■ **PROVIDED MATERIAL**
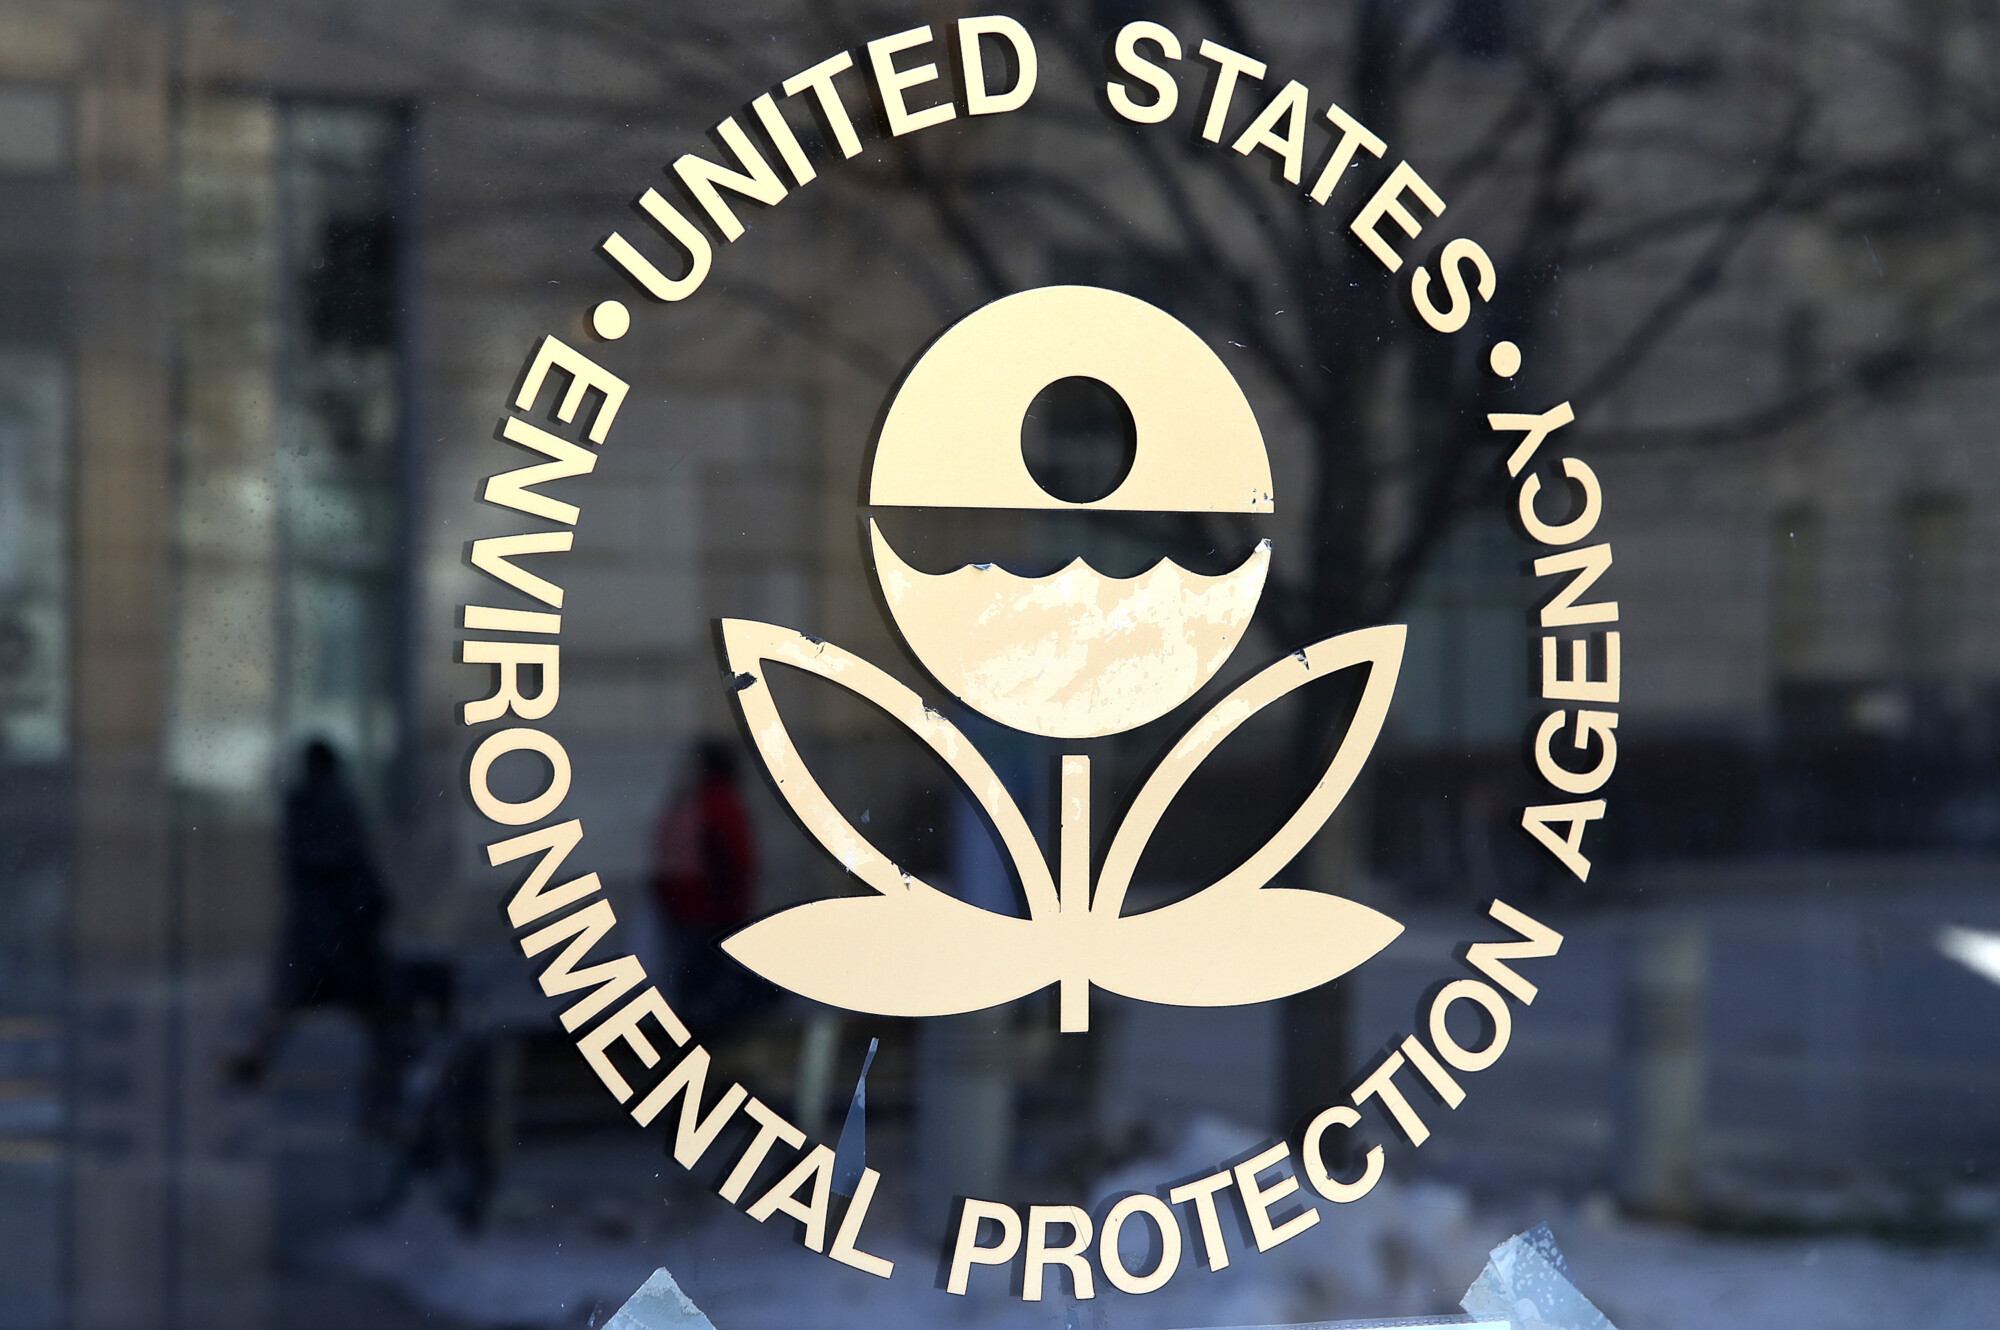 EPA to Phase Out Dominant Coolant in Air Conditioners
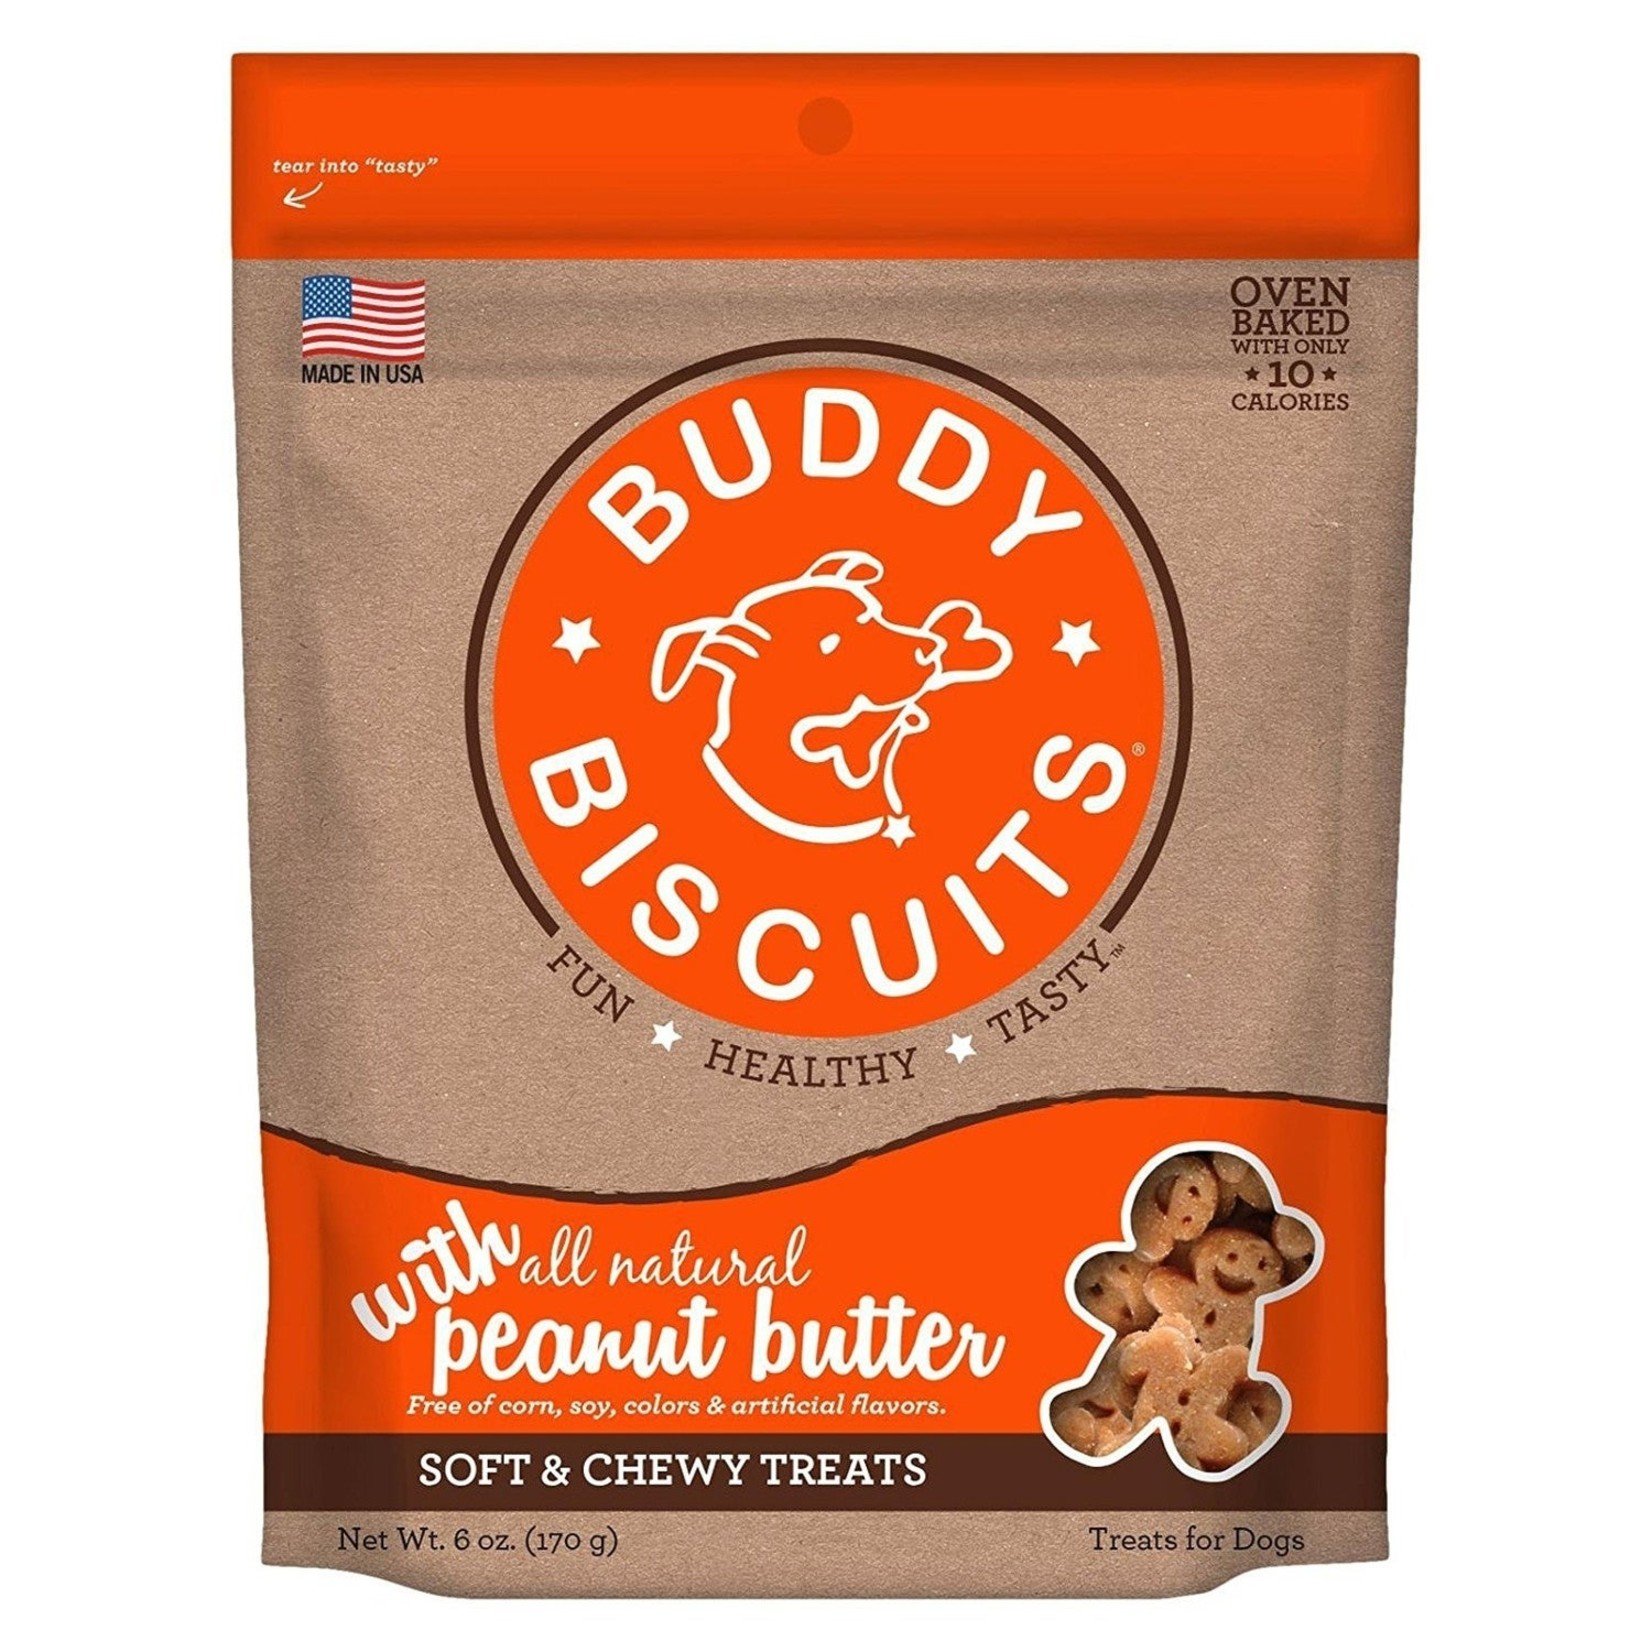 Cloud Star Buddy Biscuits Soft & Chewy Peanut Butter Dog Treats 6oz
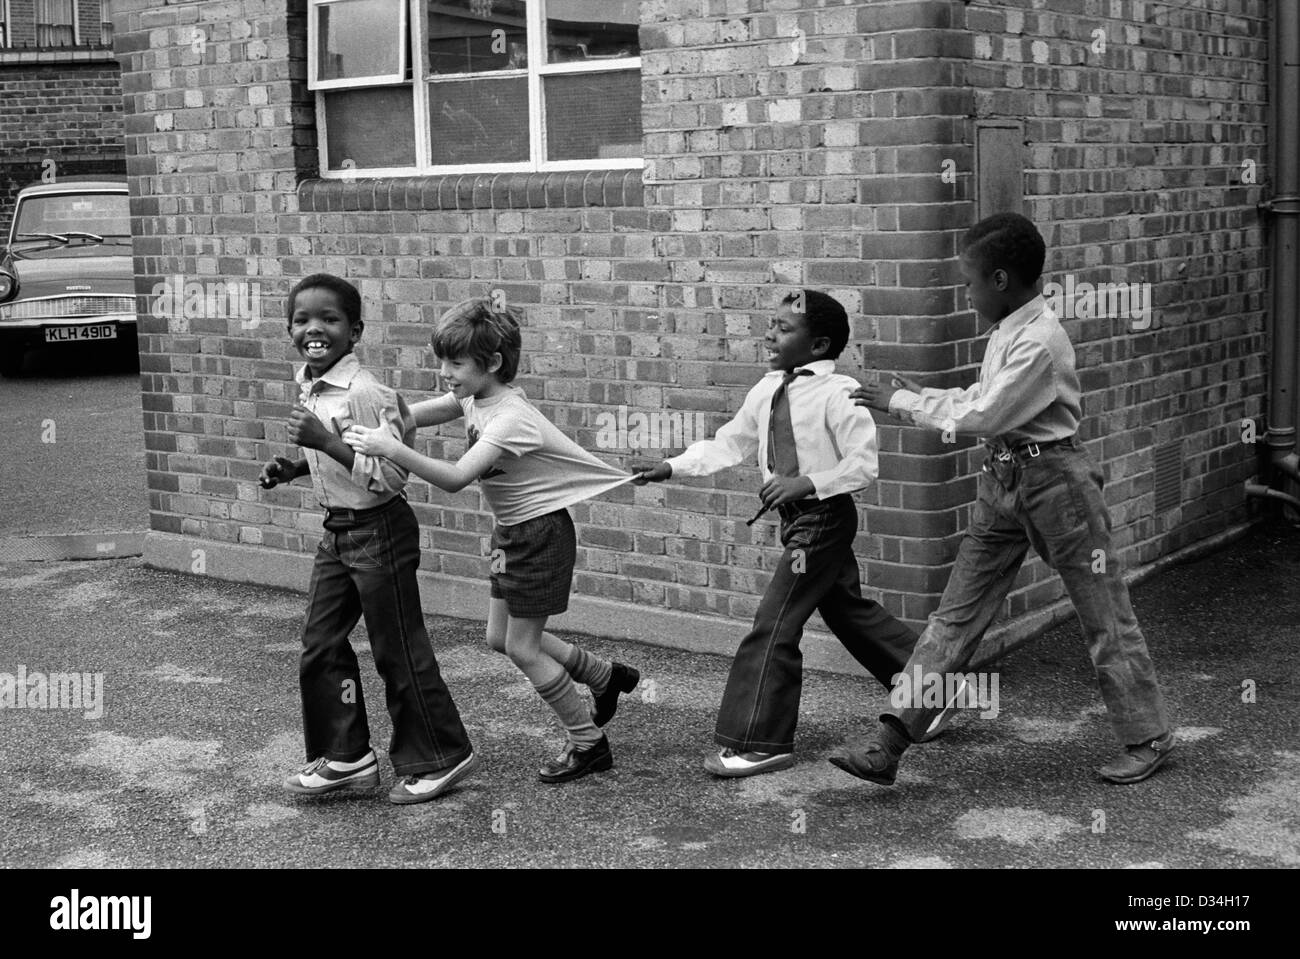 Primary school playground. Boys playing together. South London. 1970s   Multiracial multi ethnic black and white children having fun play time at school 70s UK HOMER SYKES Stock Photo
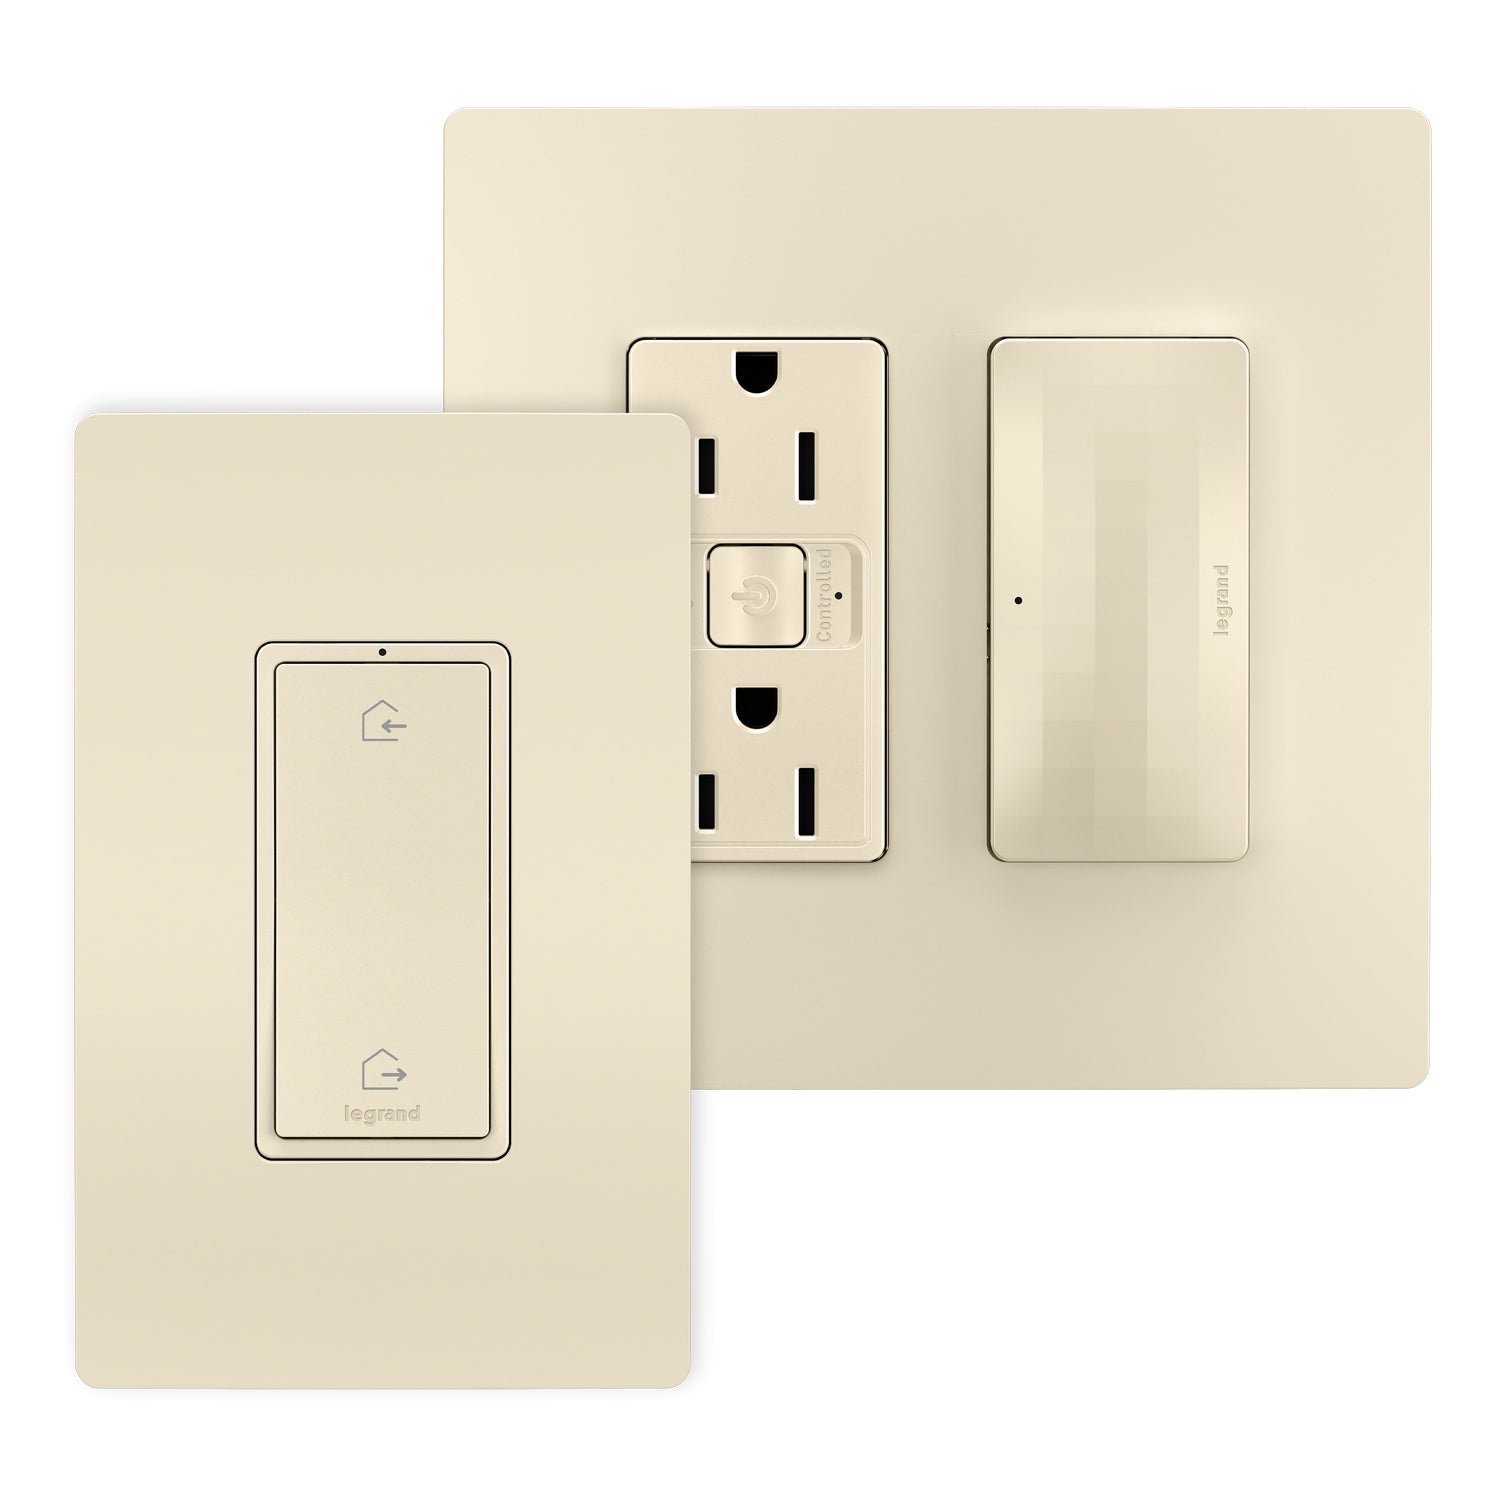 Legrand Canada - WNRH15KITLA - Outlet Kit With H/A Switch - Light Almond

■ **HOW TO COMPLETE THIS TASK**
What is wanted is the listing, written out exactly, with each picture removed.

■ **EXERCISE RESULT**
 EPA to Phase Out Dominant Coolant in Air Conditioners
 Cloud Star Buddy Biscuits Soft & Chewy Peanut Butter Dog Treats 6oz
 Primary school playground. Boys playing together. South London. 1970s   Multiracial multi ethnic black and white children having fun play time at school 70s UK HOMER SYKES Stock Photo
 Legrand Canada - WNRH15KITLA - Outlet Kit With H/A Switch - Light Almond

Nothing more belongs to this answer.